Since Musk made his $44 billion bid to take over Twitter on April 25, Tesla shares lost 38% of their value to $207.47. The company which started the year with a market value of $1.12 trillion saw it melt by more than $450 billion. Tesla’s market cap is currently at $655.2 billion.

Musk is an important part of Tesla’s success. Investors are convinced that without him, the manufacturer of electric vehicles would not have such an important cachet. They therefore identify Tesla with Musk. It’s the entrepreneur’s wild promises that justify much of the valuation of Tesla, which produced barely a million vehicles in 2021, compared to several million for its rivals. But the latter are stock market dwarfs compared to Tesla.

The billionaire is aware of investors’ fears and has therefore just sent them a message aimed at reassuring them. It all started with a post from a Tesla fan account on Twitter.

“It’s strongly bullish that while Elon is focused on restructuring Twitter, Tesla is executing perfectly without him $tsla,” the Twitter user posted.

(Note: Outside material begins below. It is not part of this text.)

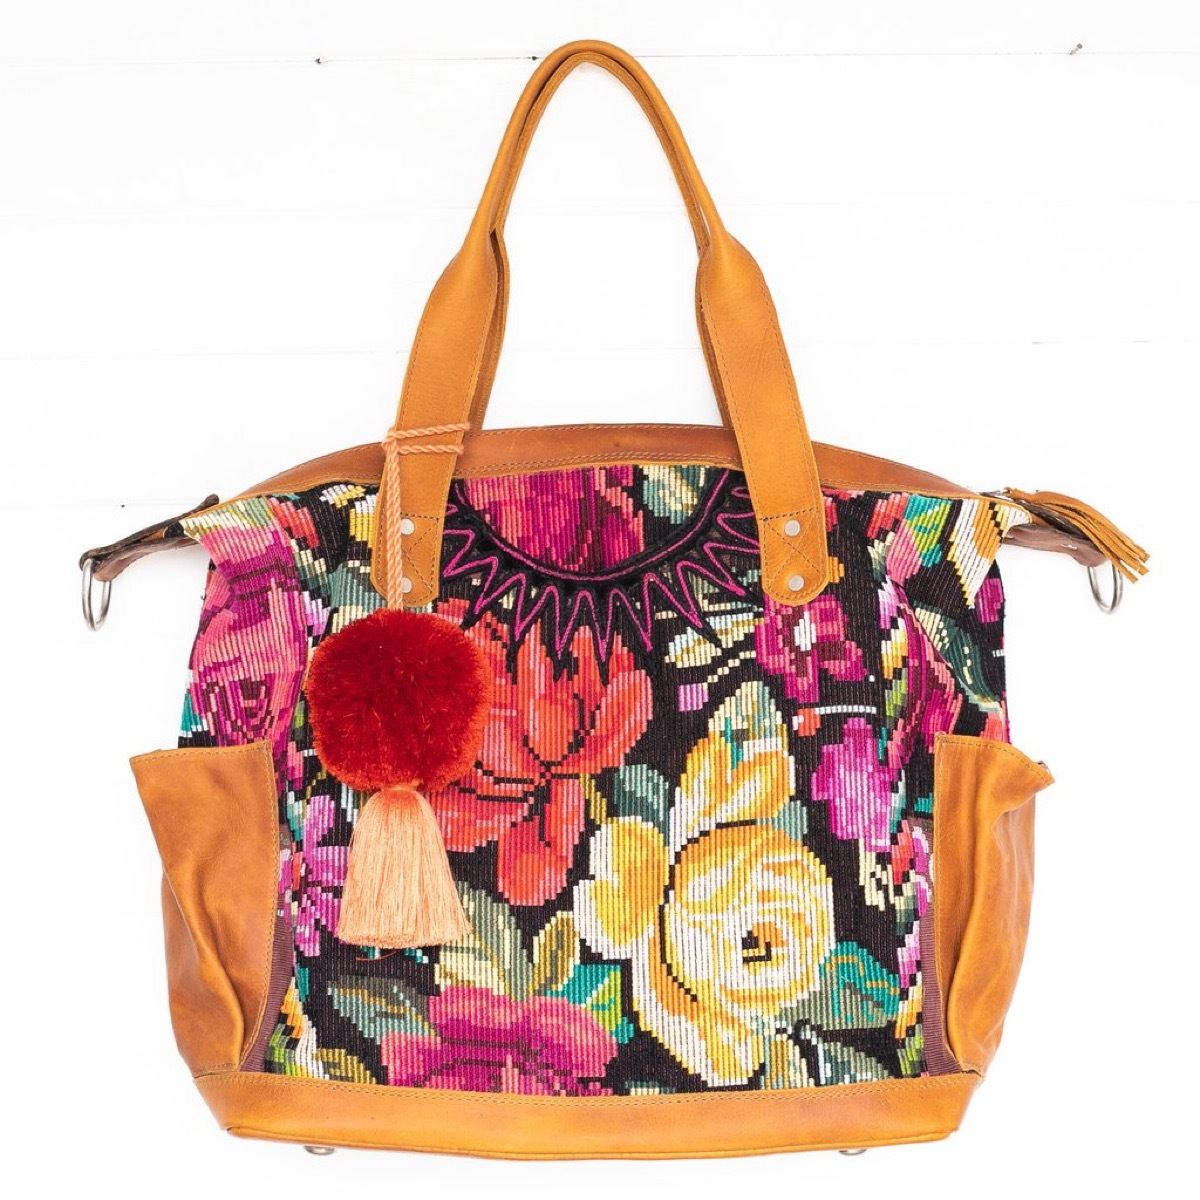 Floral embroidered bag with pom pom

Musk was quick to respond: “I still do a lot of work at Tesla! Was at our Palo Alto engineering office until late Thursday night when I had to redeye to NY,” he said.

The message achieved the intended goal of reassuring fans of the premium electric vehicle manufacturer.

“Elon, @elonmusk please send some pictures/tweets about $TSLA next time you at any Gaga Factory. Tesla investors love to hear you bragging & being involved with Tesla. ♥️” said one Twitter user.

“Tesla running w/o Elon is intangible. Whether in foreground or in quiet, he’s working the machine,” added another user.